■ **WHAT IS REQUIRED**
Reproduce exactly the lines from the one containing "Rufo colarinho de" through the end of the listing, minus the pictures.

*** SOURCE DATA Section Begins ***

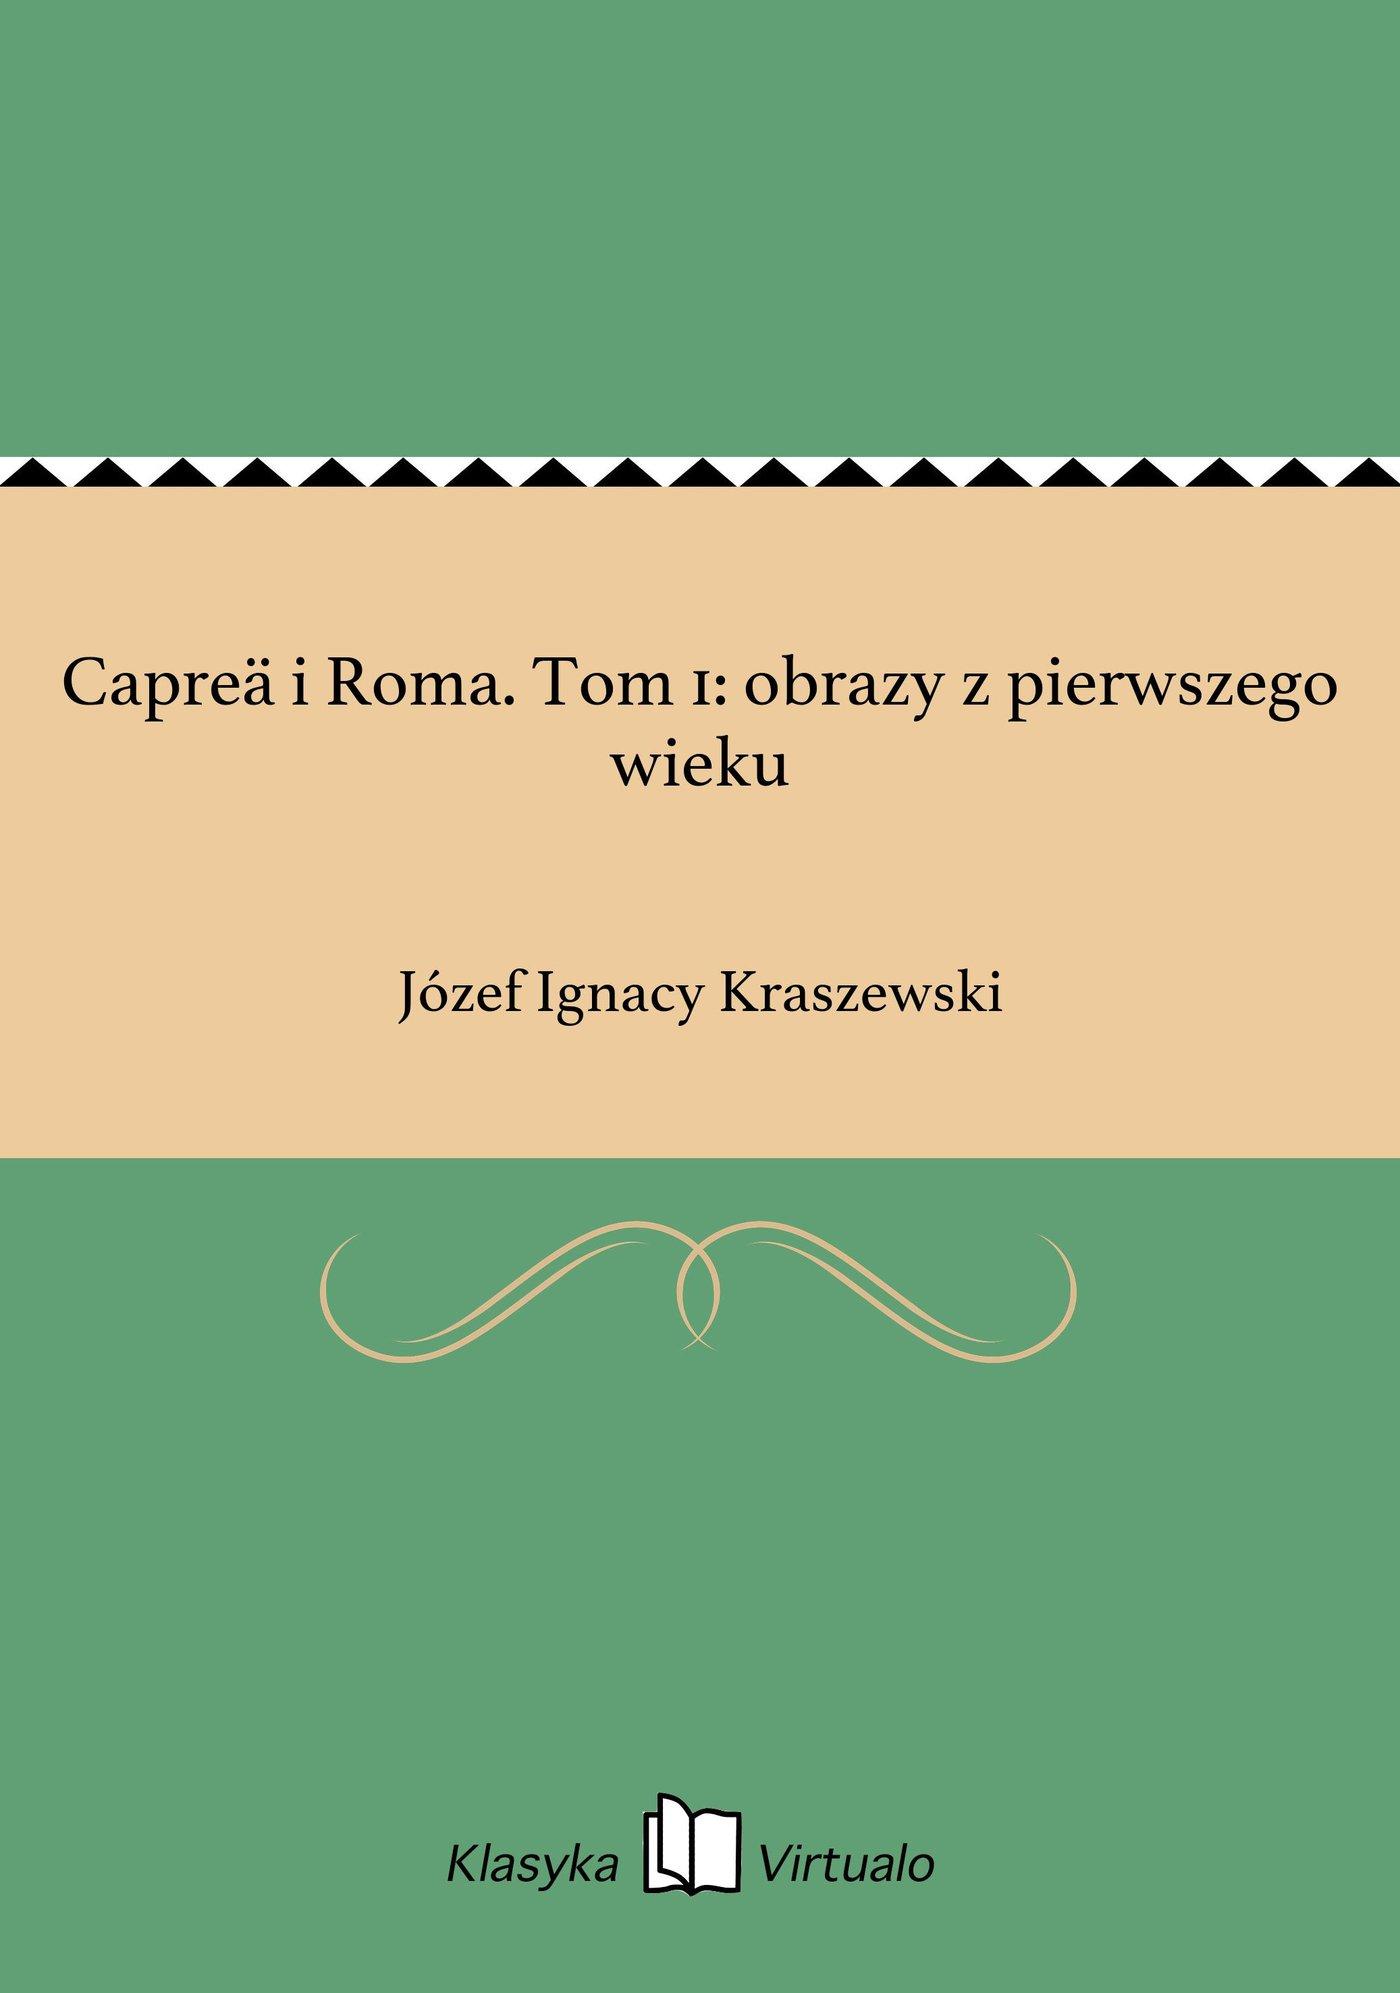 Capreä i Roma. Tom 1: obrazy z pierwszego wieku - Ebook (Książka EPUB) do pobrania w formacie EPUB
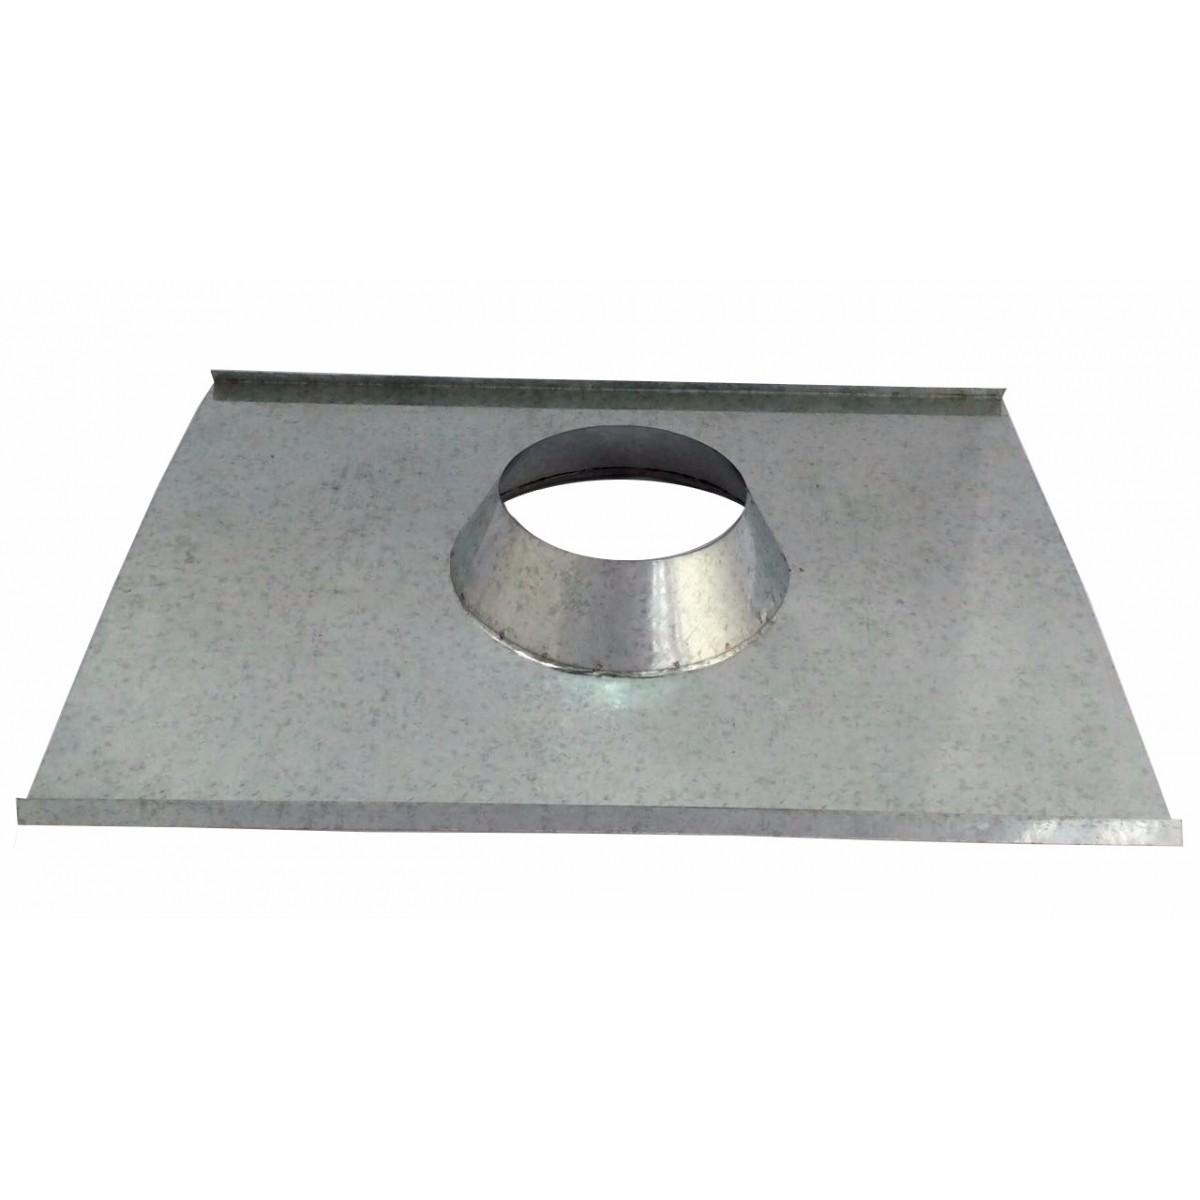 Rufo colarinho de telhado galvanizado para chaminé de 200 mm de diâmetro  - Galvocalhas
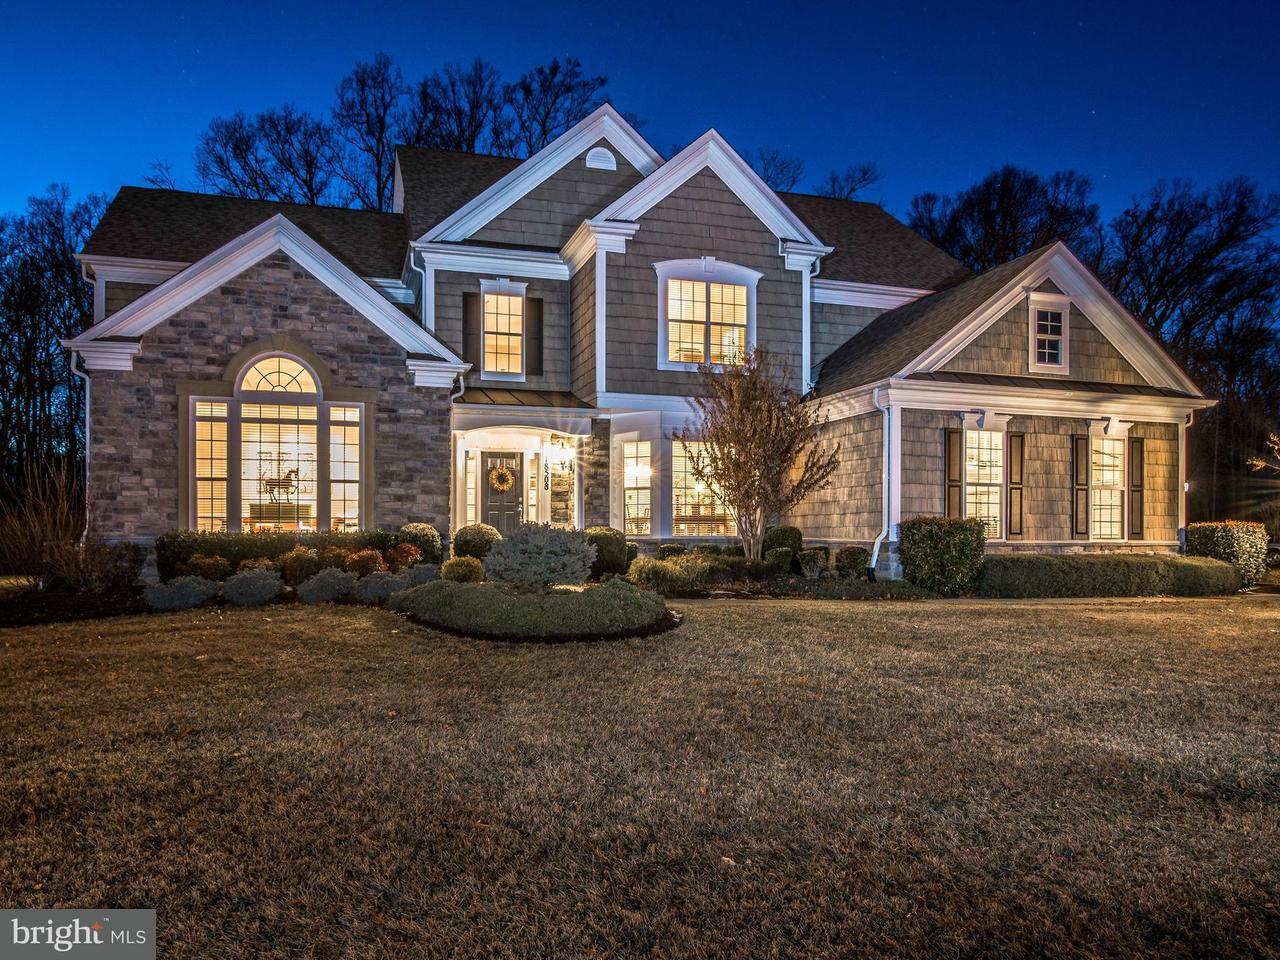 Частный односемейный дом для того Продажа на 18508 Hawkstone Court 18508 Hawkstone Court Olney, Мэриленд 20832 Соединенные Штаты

*** SOURCE DATA Section Ends ***

■ **ANSWER BELOW**
 Rufo colarinho de telhado galvanizado para chaminé de 200 mm de diâmetro  - Galvocalhas
 Частный односемейный дом для того Продажа на 18508 Hawkstone Court 18508 Hawkstone Court Olney, Мэриленд 20832 Соединенные Штаты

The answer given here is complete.